From July 2 to 12. that’s exactly what Balascak will be doing at the UBC Okanagan campus. Although this will be her first year teaching the course, it’s been in the works for two years.

RELATED: ACE administrator to teach UBCO summer course

The goal, Balascak said, will be to help teachers understand at-risk youth, and focus on looking at the root causes of behavioural problems.

“Punishing behaviour is kind of like treating symptoms instead of looking at the root,” she said.

“There’s a lot of techniques that really just adjust the symptom of the problem, but don’t get to the why,” she continued, adding that asking why is an important part of figuring out what’s causing difficulties for students.

“They’re acting this way: why is that? Well, they’re seeking attention: why is that? Well, it’s because this is happening at home,” she explained.

“You just keep asking why until you figure out what the root of it is.”

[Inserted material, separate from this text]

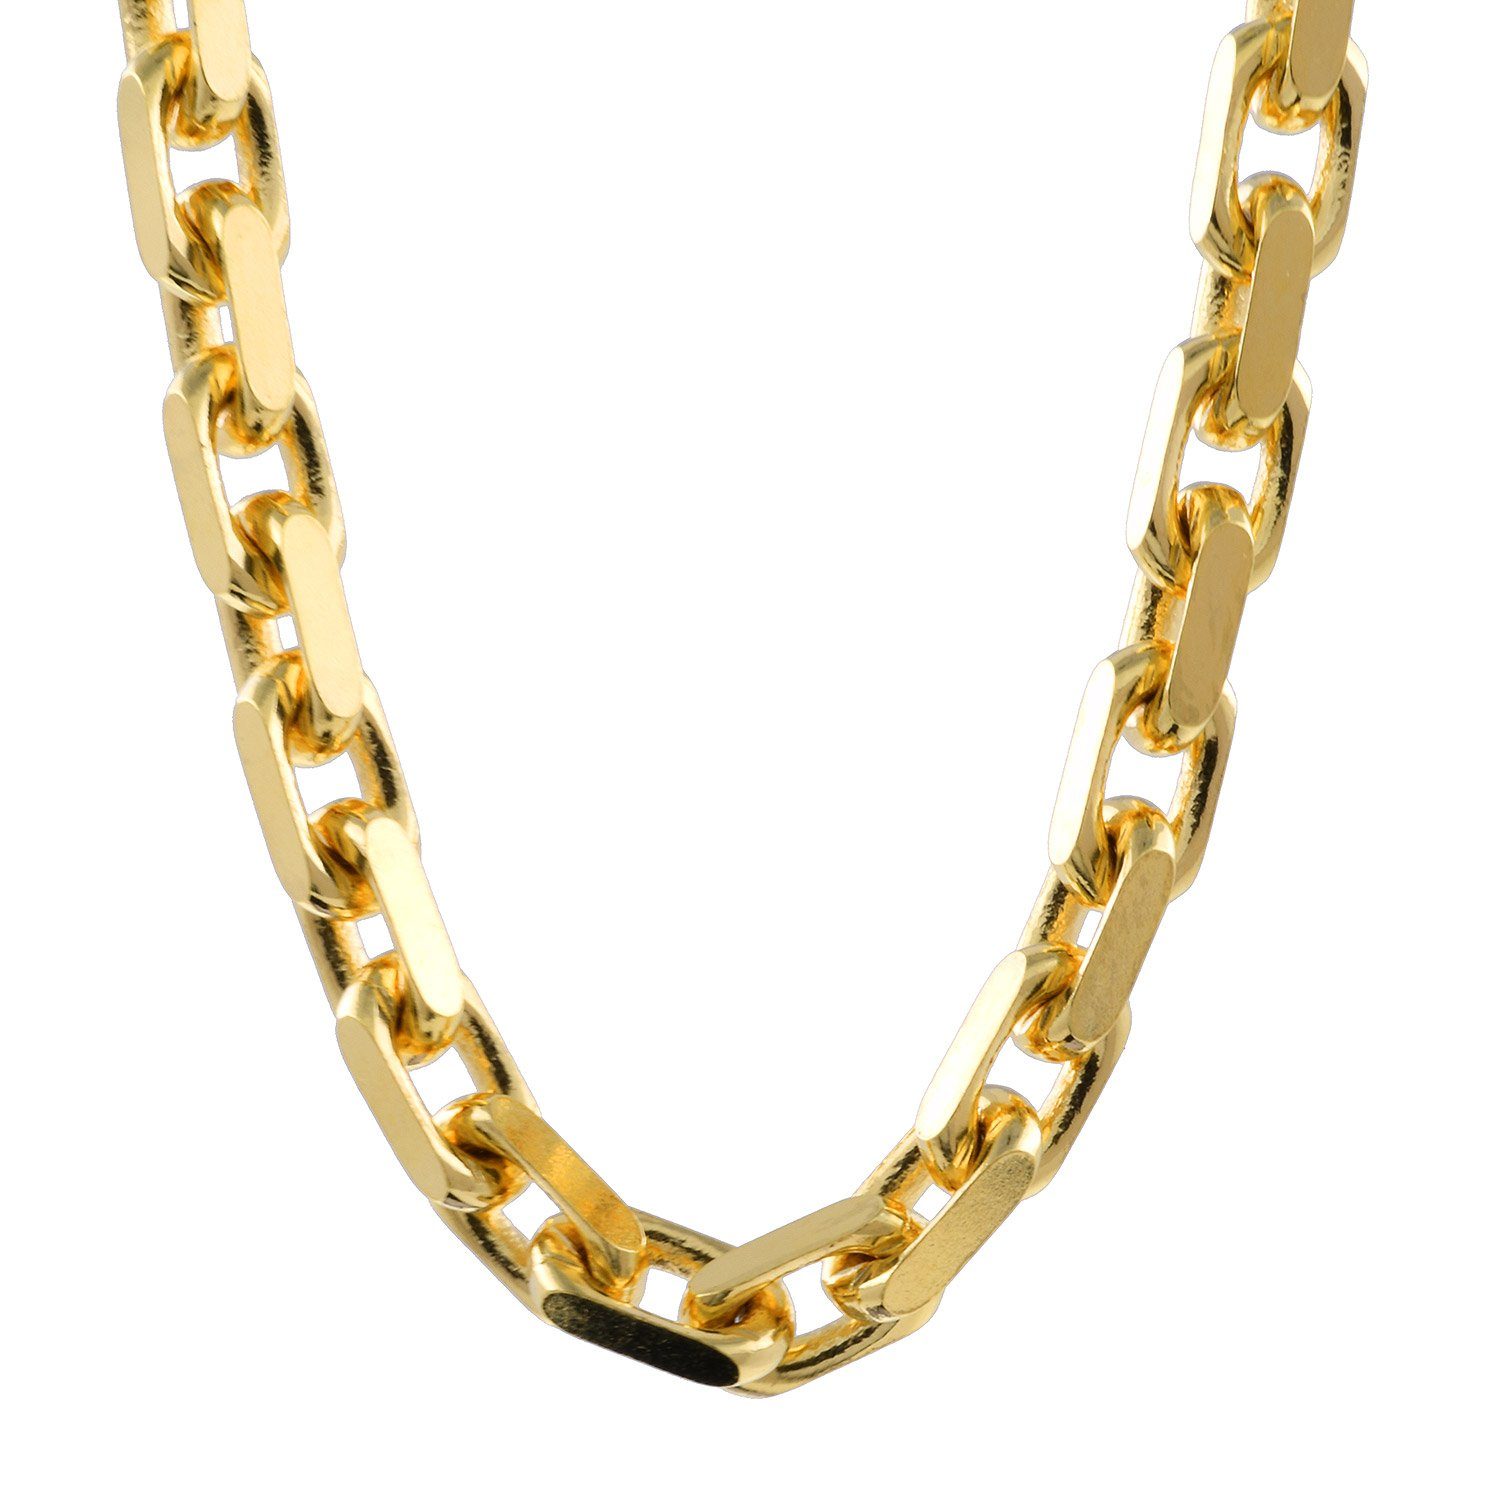 HOPLO Goldkette Ankerkette diamantiert 585 - 14 Karat Gold 7,0 mm 70 cm  Halskette, Made in Germany
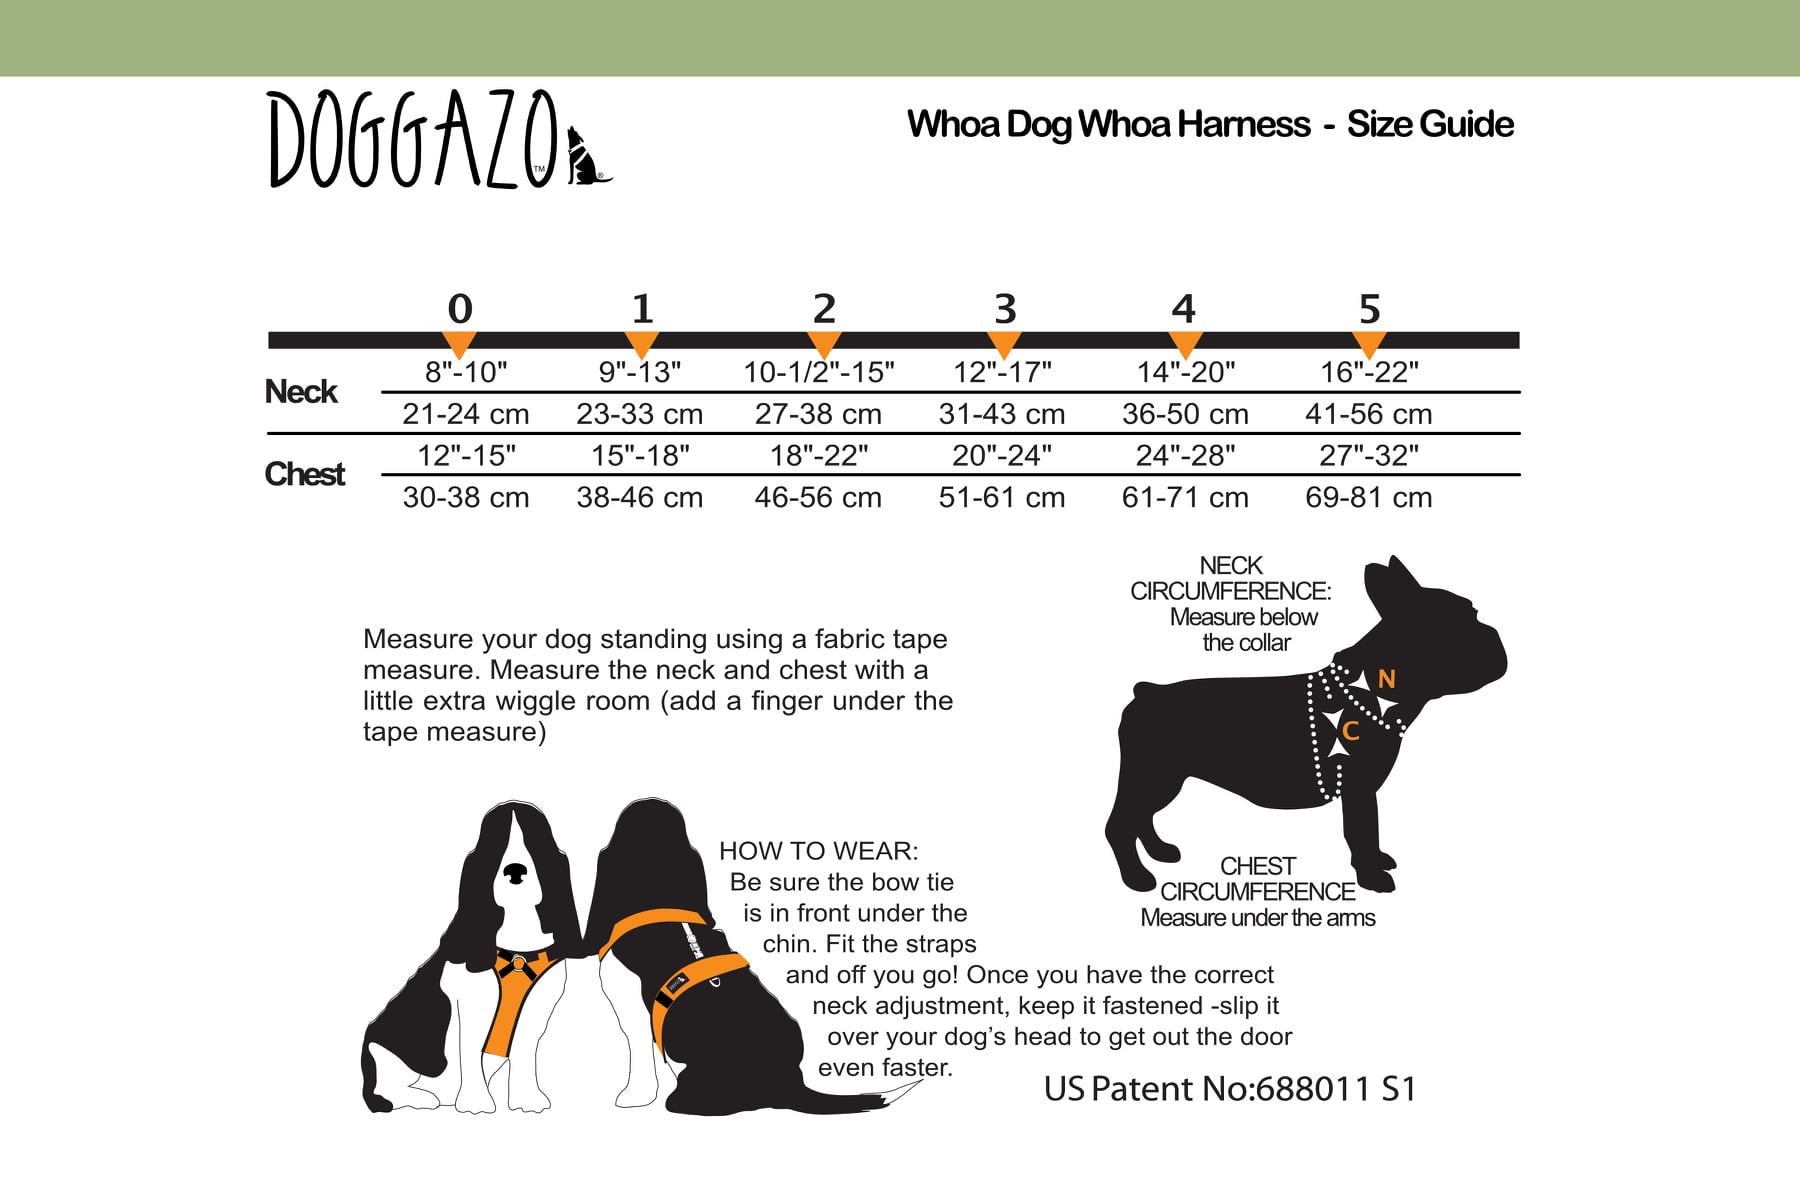 Doggazo Whoa Dog Whoa Harness Size Guide

Students in Balascak’s class will be spending much of the 9-day course learning about mental health issues and the resulting behaviours, as well as techniques to increase self-esteem and help students cope.

But importantly, they will also be hearing from ACE students, both former and current.

“I can get up and tell them, and say ‘Well a student said this, or a student told me that’,” Balascak said. “But it doesn’t have the same impact.”

Nick Riemersma, 16, is the one current ACE student speaking at the course. (He’ll be joined by graduates Emma Potts and Ivy Blake, although Blake will be appearing via video.)

For him, the course is an opportunity to have teachers learn how they can best interact with students like him.

“It doesn’t matter more about the studying, it’s more about how truthful it is, in the end,” he said. “Because up-and-coming teachers, really, they do need to know what to do and what not to do.”

For Riemersma, teachers who would push him out of the class group found him much more difficult to work with.

“When I was in school, I used to get in trouble and they were always pushing me out of the group. It felt like they didn’t like me or something like that,” he said. “So then I usually went more the opposite than anything, so that made me rebel more.”

This year’s course, titled “Overcoming behaviour issues by understand the causes,” is expected to have about 30 teachers taking part, Balascak said. She hopes it will run again at UBC’s Okanagan campus next year as well.

“It will be up to UBC,” she said. “As I get older, the more I can reach out and teach teachers how to understand these kids, the better I think it will be.”